Top of Provided material

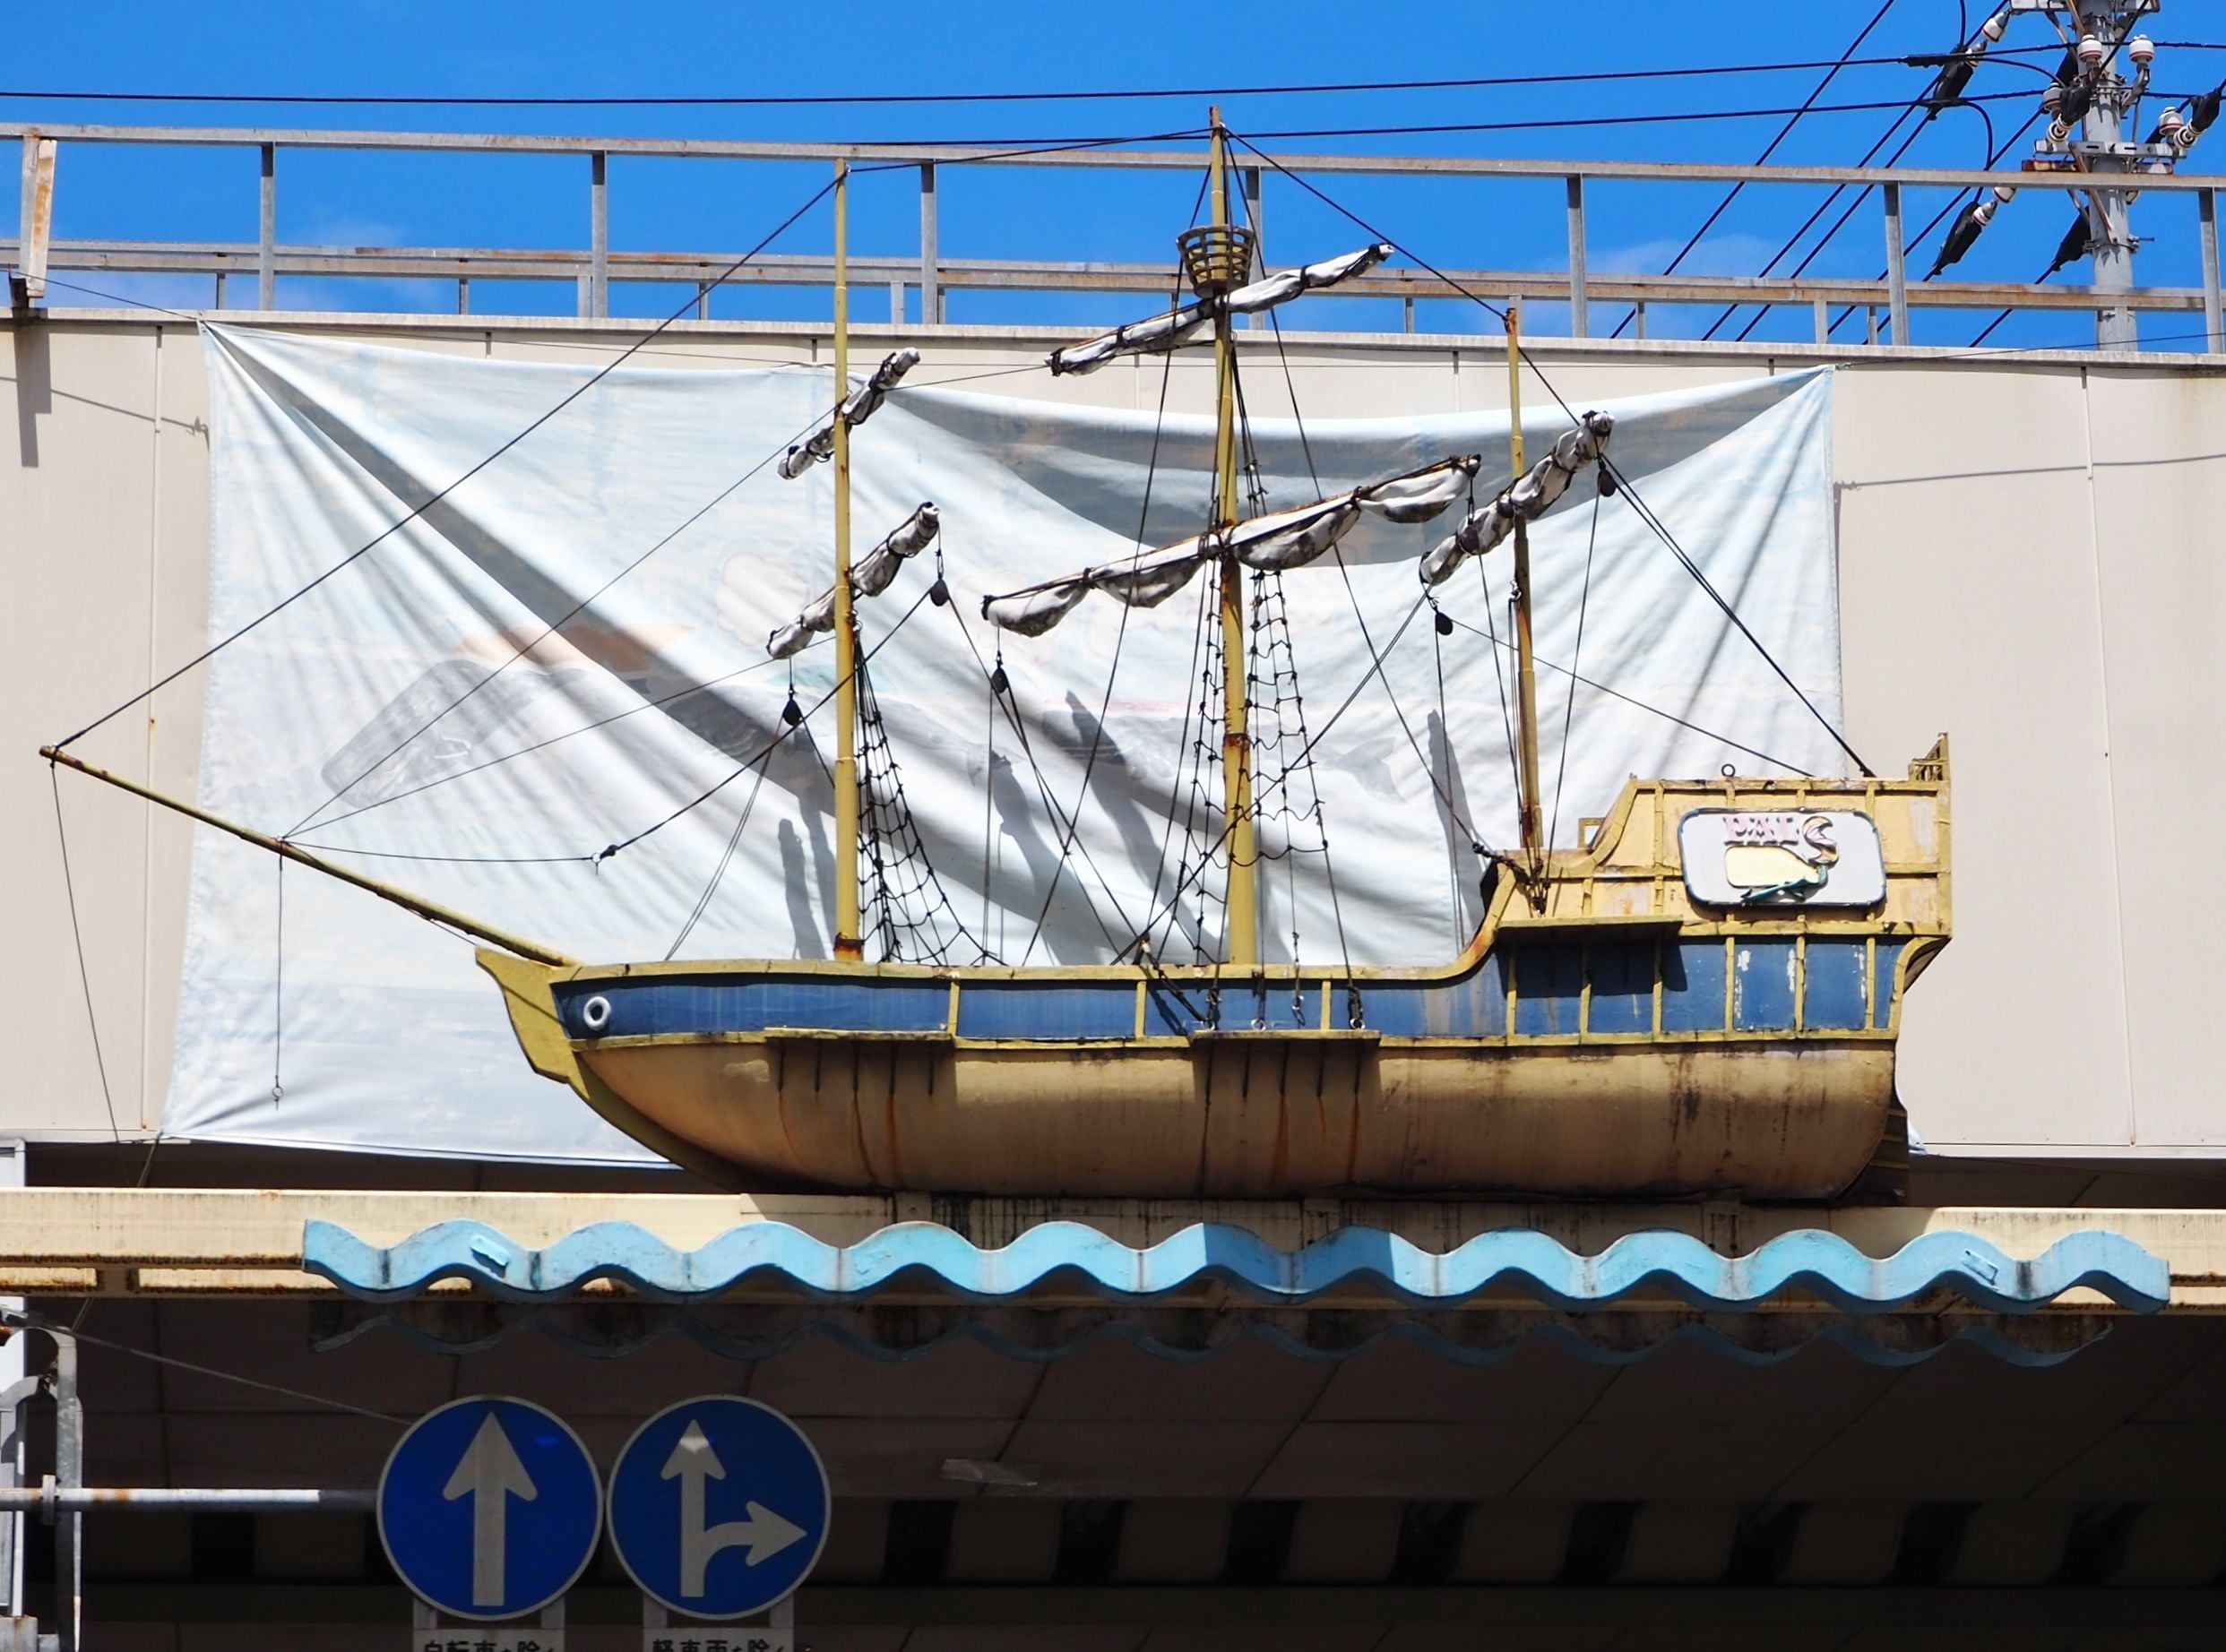 「パルス通り」に飾られた船のオブジェ
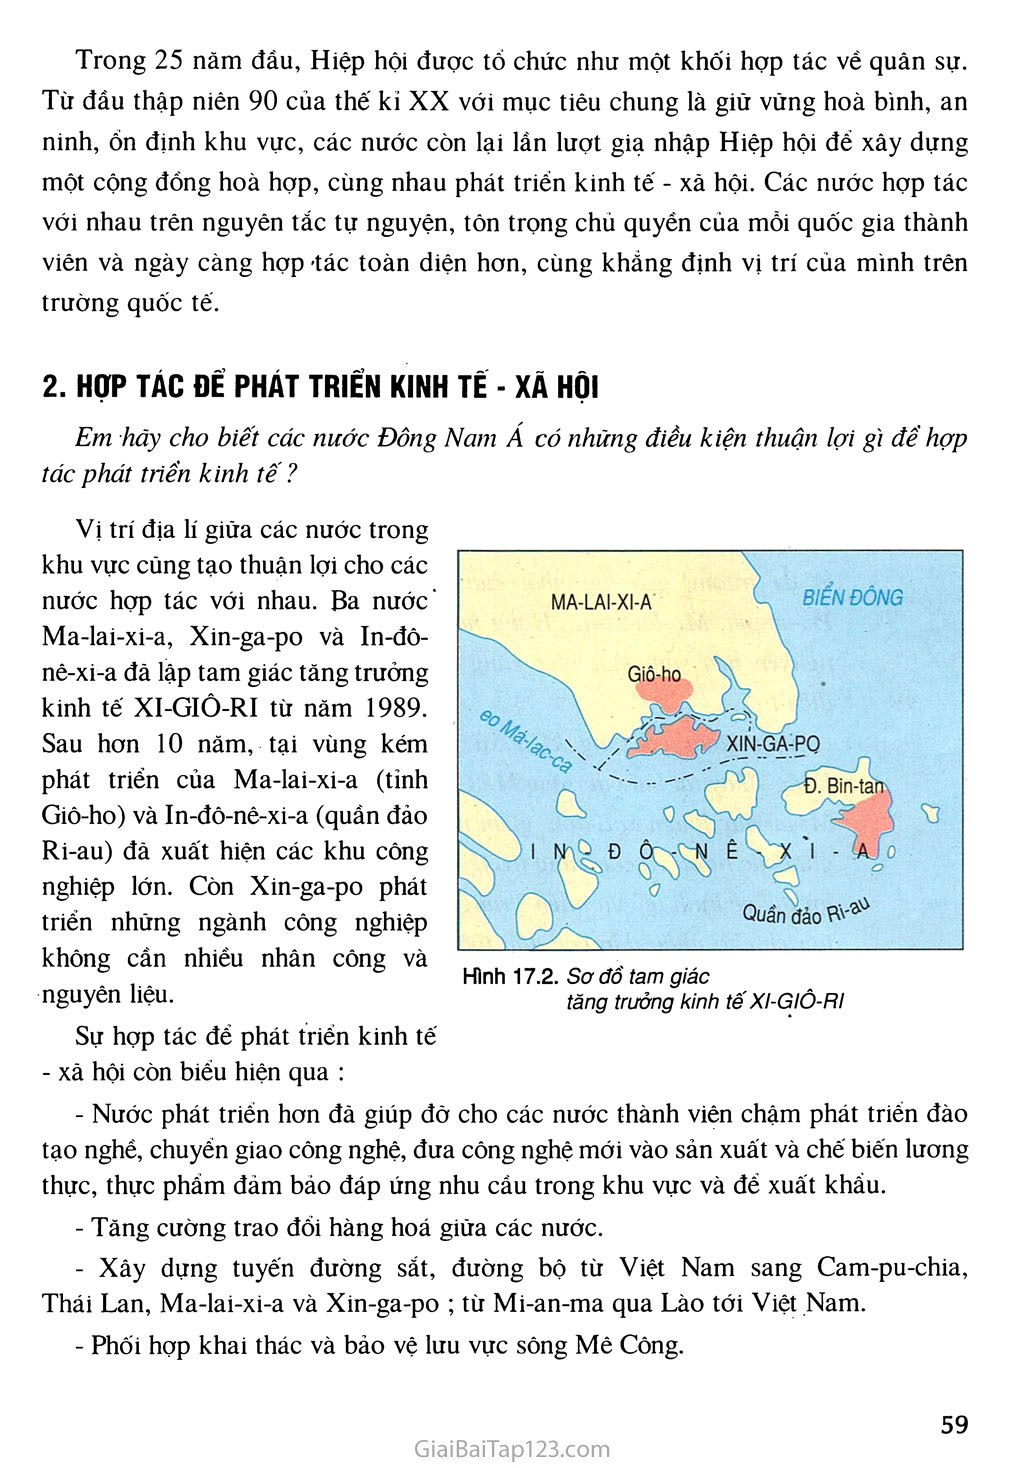 Bài 17. Hiệp hội các nước Đông Nam Á (ASEAN) trang 2
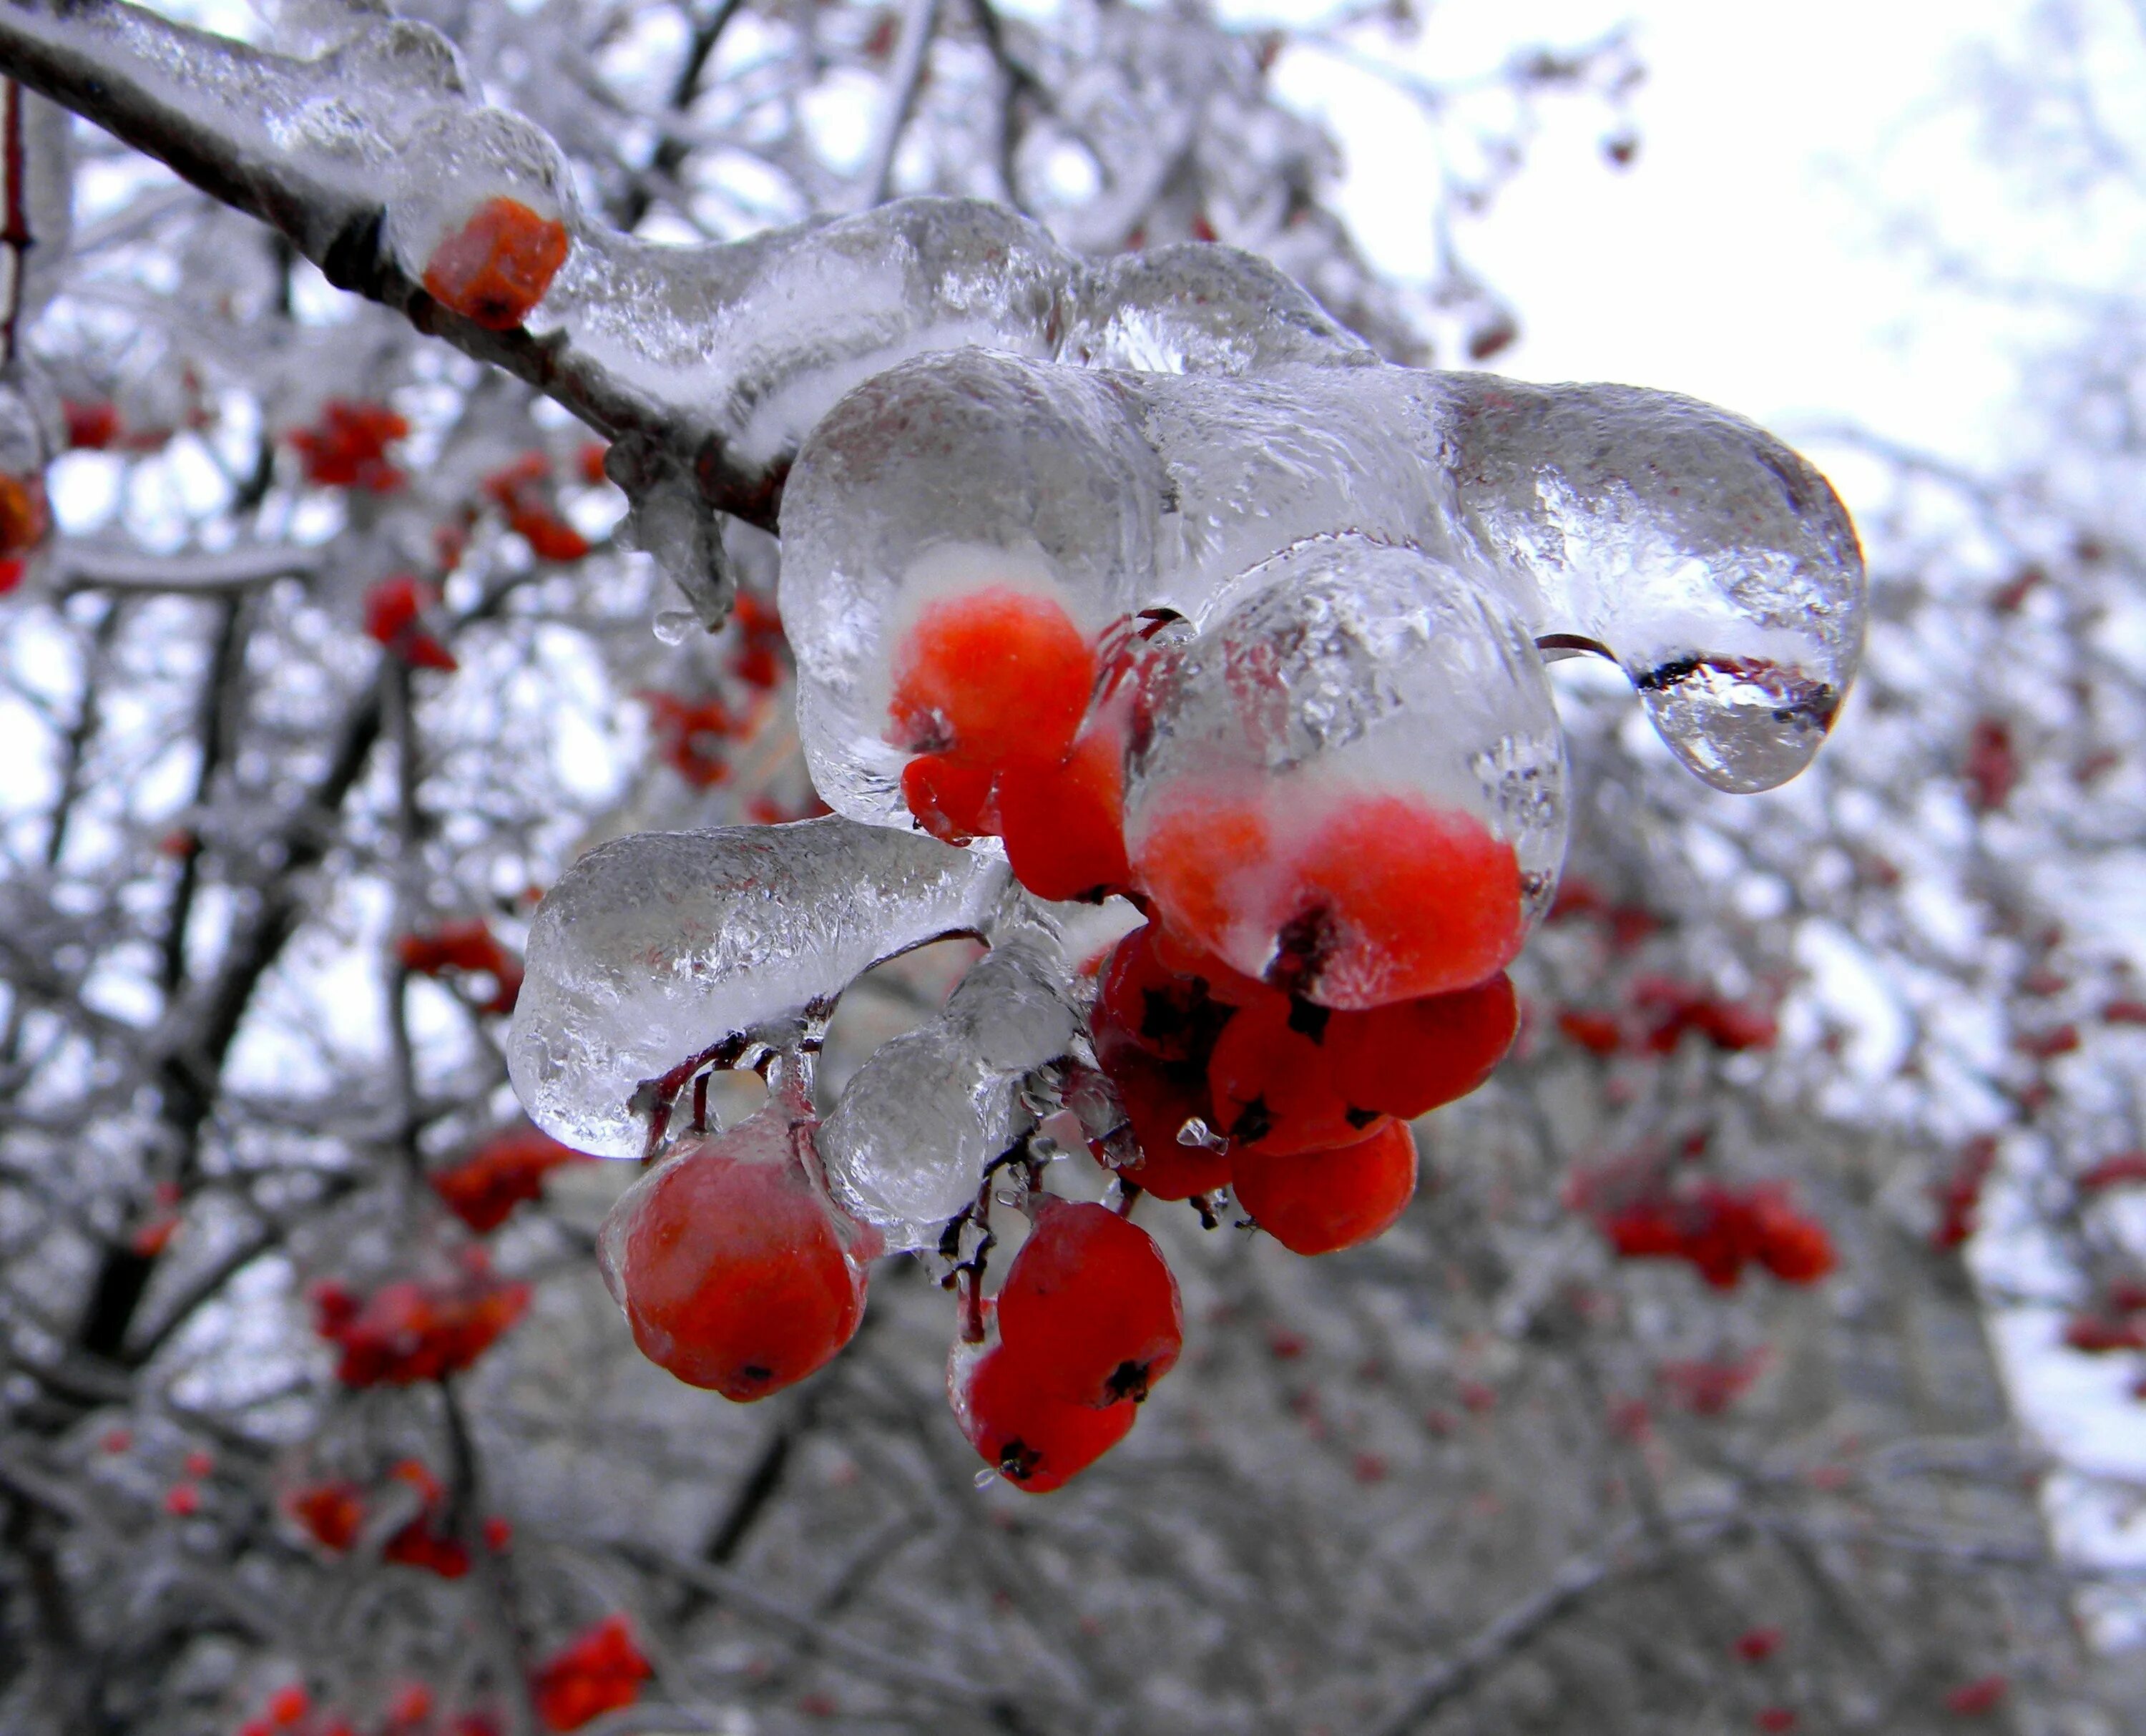 Оттепели все чаще но пока ночи морозны. Рябина в снегу. Ледяные ягоды. Рябина во льду. Рябина в ледяном Дожде.

Bottom of Provided material

Give back the listing exactly, without a single picture.

 「パルス通り」に飾られた船のオブジェ
 Bài 17. Hiệp hội các nước Đông Nam Á (ASEAN) trang 2
 Оттепели все чаще но пока ночи морозны. Рябина в снегу. Ледяные ягоды. Рябина во льду. Рябина в ледяном Дожде.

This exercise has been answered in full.